# spraying without a filter?



## paintnoob (Aug 27, 2012)

yesterday I bought an graco ultimate 1000 for what I thought was a song.

After doing some research on maintenance on it I've realized that the line to the gun goes right into the fluid port. According to the manual there's supposed to be a filter at the fluid port.

It appears that either the previous owner used it w/o the filter or removed it before getting to me.

So I have no filter and no dump valve/bypass. Should I add one before I start using it?

Thanks-


----------



## 6126 (May 9, 2010)

They were probably spraying heavy materials like block filler, elatomerics, etc, so they took it out. Just order one. Since I mostly spray latex these days I use the course filters.


----------



## paintnoob (Aug 27, 2012)

I guess the follow up question would be, is SW the best place to get the filter assembly?


----------



## 6126 (May 9, 2010)

paintnoob said:


> I guess the follow up question would be, is SW the best place to get the filter assembly?

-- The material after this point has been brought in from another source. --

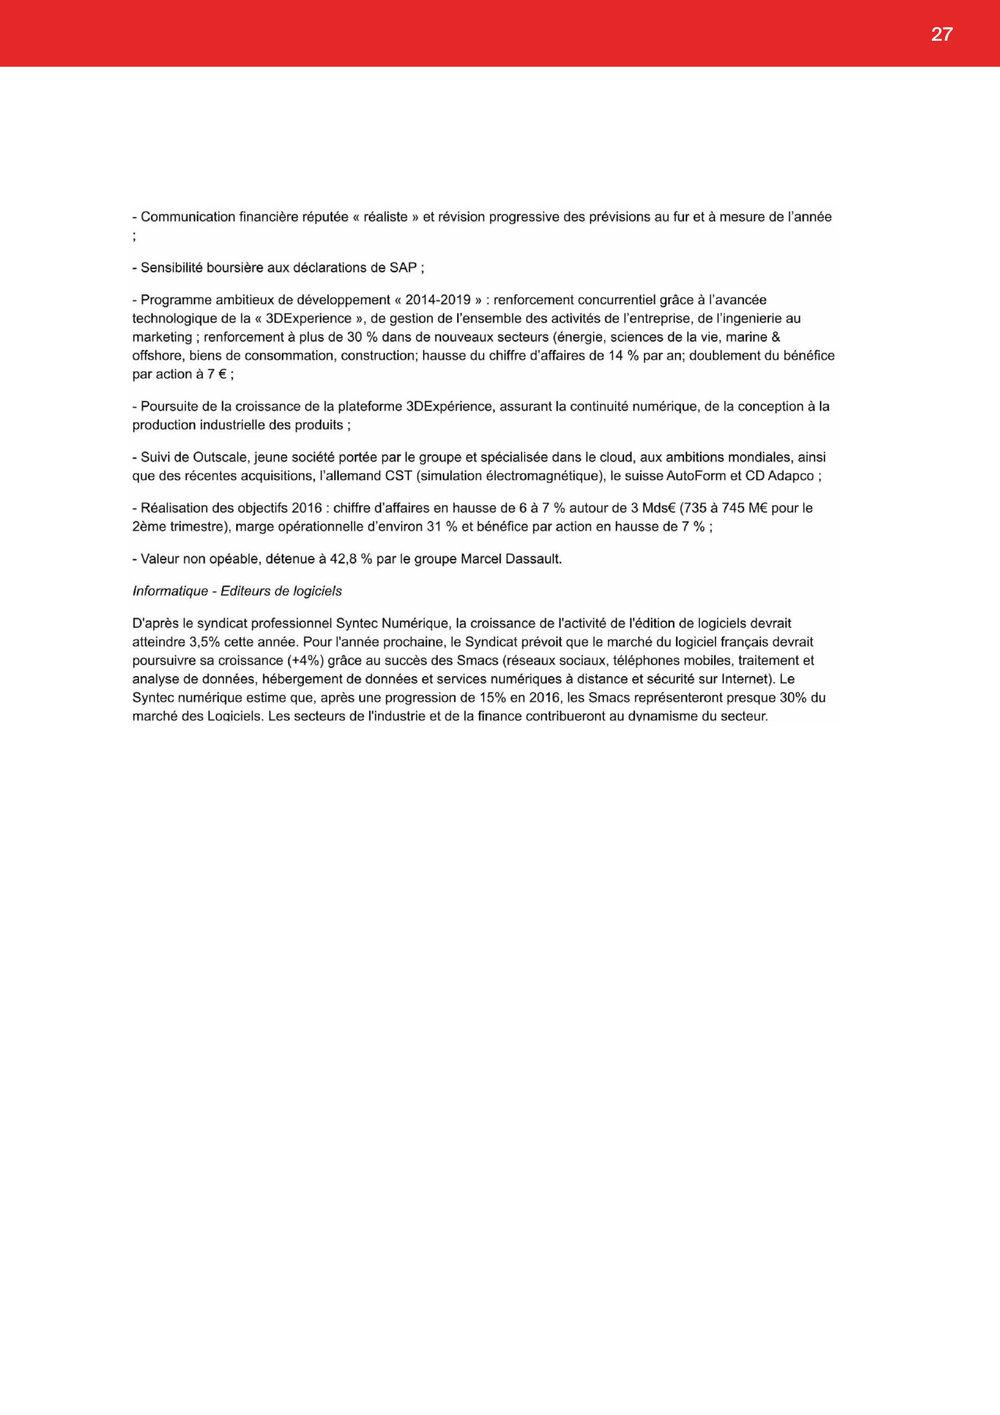 BOOKMEDIA_JUILLET_027.jpg
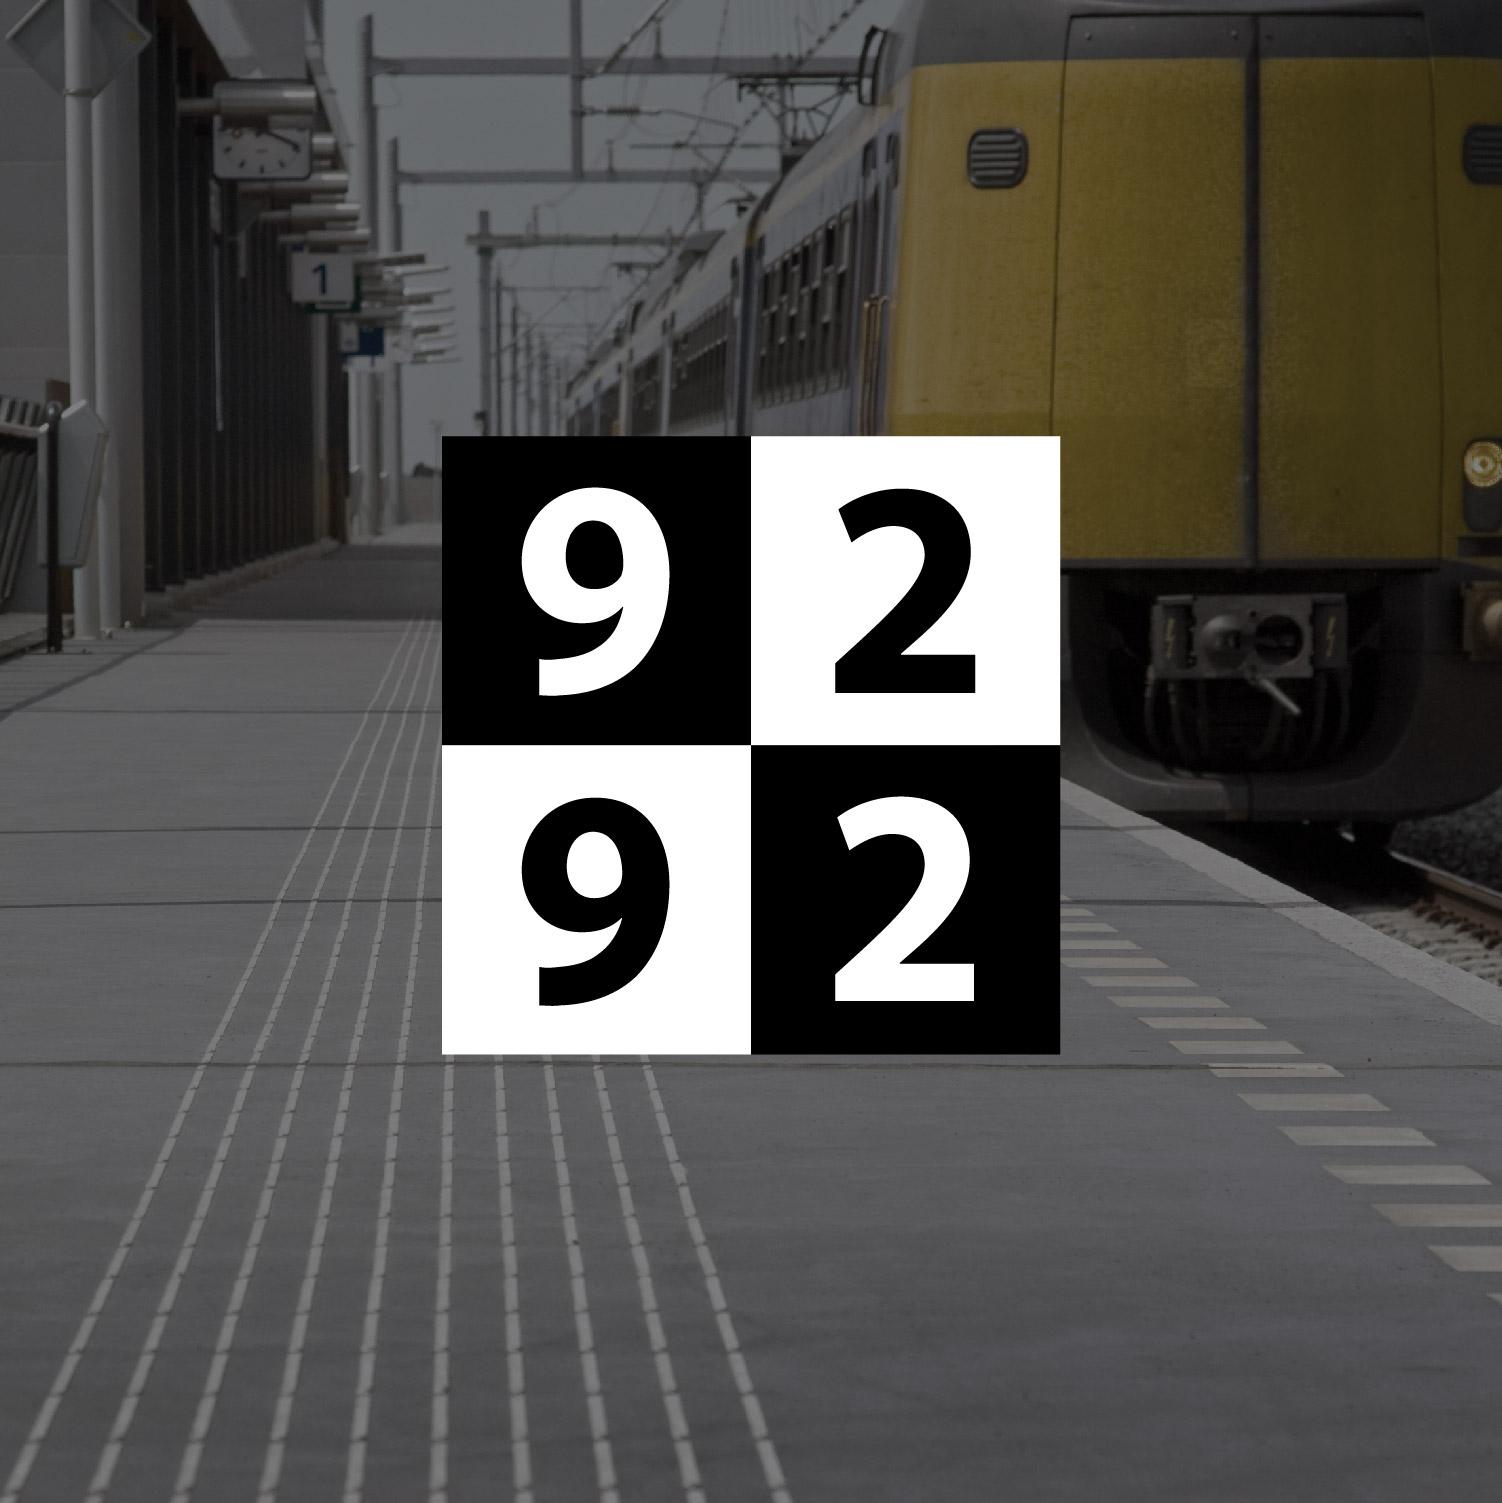 Escalator Issue | Public transport solution

If they have one in stock, which they should. If not, just order on online


----------



## paintnoob (Aug 27, 2012)

just want to be clear that the whole filter assembly is missing, not just the filter.


----------



## Workaholic (Apr 17, 2007)

Post pics of what you are missing. I am confused on the dump by pass. Are you saying the knob for the pressure release is missing or is it something else? If you have to replace the entire valve that is between 45-90 depending on where you find it, although I am not entirely clear on what you need as why I asked for pics. 

Are you talking about the manifold filter on the pump? I just looked at the link you provided yesterday and yes it looks like the manifold has been removed. Wish I would of noticed that yesterday but I just took a quick look, buying a bunch of things brings your price back up but at the price you got it for it makes it less of a blow. As long as the piston rod and sleeve are good that is.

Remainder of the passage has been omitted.